Newtype (DUALTree d u a l) (Option (DUALTreeU d u a l)) Source # 

Methods

pack :: Option (DUALTreeU d u a l) -> DUALTree d u a l #

unpack :: DUALTree d u a l -> Option (DUALTreeU d u a l) #

Constructing DUAL-trees

empty :: DUALTree d u a l Source #

The empty DUAL-tree. This is a synonym for mempty, but with a more general type.

leaf :: u -> l -> DUALTree d u a l Source #

Construct a leaf node from a u annotation along with a leaf datum.

leafU :: u -> DUALTree d u a l Source #

Construct a leaf node from a u annotation.

annot :: (Semigroup u, Action d u) => a -> DUALTree d u a l -> DUALTree d u a l Source #

Add an internal data value at the root of a tree. Note that this only works on non-empty trees; on empty trees this function is the identity.

applyD :: (Semigroup d, Semigroup u, Action d u) => d -> DUALTree d u a l -> DUALTree d u a l Source #

Apply a d annotation at the root of a tree, transforming all u annotations by the action of d.

Modifying DUAL-trees

applyUpre :: (Semigroup u, Action d u) => u -> DUALTree d u a l -> DUALTree d u a l Source #

Add a u annotation to the root, combining it (on the left) with the existing cached u annotation. This function is provided just for convenience; applyUpre u t = leafU u <> t.

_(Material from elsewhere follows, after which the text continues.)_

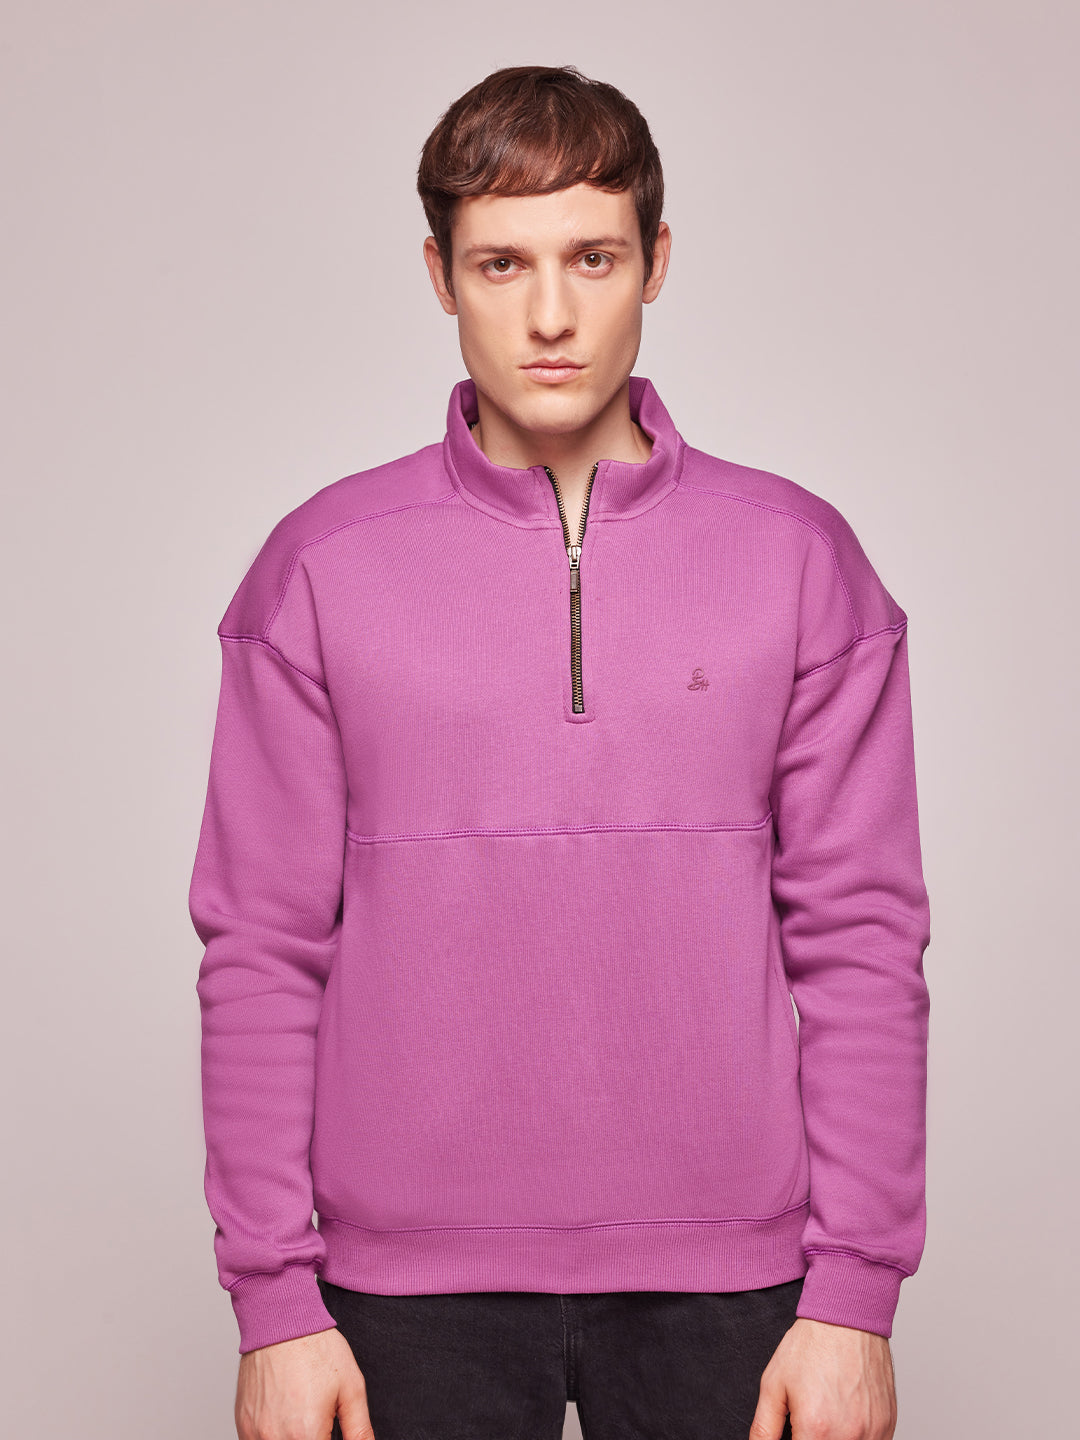 Bombay High Men's Solid Purple Half Zip Knit Sweatshirt

applyUpost :: (Semigroup u, Action d u) => u -> DUALTree d u a l -> DUALTree d u a l Source #

Add a u annotation to the root, combining it (on the right) with the existing cached u annotation. This function is provided just for convenience; applyUpost u t = t <> leafU u.

mapU :: (u -> u') -> DUALTree d u a l -> DUALTree d u' a l Source #

Map a function over all the u annotations in a DUAL-tree. The function must be a monoid homomorphism, and must commute with the action of d on u. That is, to use mapU f safely it must be the case that

  • f mempty == mempty
  • f (u1 <> u2) == f u1 <> f u2
  • f (act d u) == act d (f u)

Accessors and eliminators

getU :: DUALTree d u a l -> Maybe u Source #

Get the u annotation at the root, or Nothing if the tree is empty.

foldDUAL Source #

Arguments

:: (Semigroup d, Monoid d) 
=> (d -> l -> r)

Process a leaf datum along with the accumulation of d values along the path from the root

-> r

Replace u-only nodes

-> (NonEmpty r -> r)

Combine results at a branch node

-> (d -> r -> r)

Process an internal d node

-> (a -> r -> r)

Process an internal datum

-> DUALTree d u a l 
-> Maybe r 

Fold for DUAL-trees. It is given access to the internal and leaf data, internal d values, and the accumulated d values at each leaf. It is also allowed to replace "u-only" leaves with a constant value. In particular, however, it is not given access to any of the u annotations, the idea being that those are used only for constructing trees. If you do need access to u values, you can duplicate the values you need in the internal data nodes.

Be careful not to mix up the d values at internal nodes with the d values at leaves. Each d value at a leaf satisfies the property that it is the mconcat of all internal d values along the path from the root to the leaf.

The result is Nothing if and only if the tree is empty.

flatten :: (Semigroup d, Monoid d) => DUALTree d u a l -> [(l, d)] Source #

A specialized fold provided for convenience: flatten a tree into a list of leaves along with their d annotations, ignoring internal data values.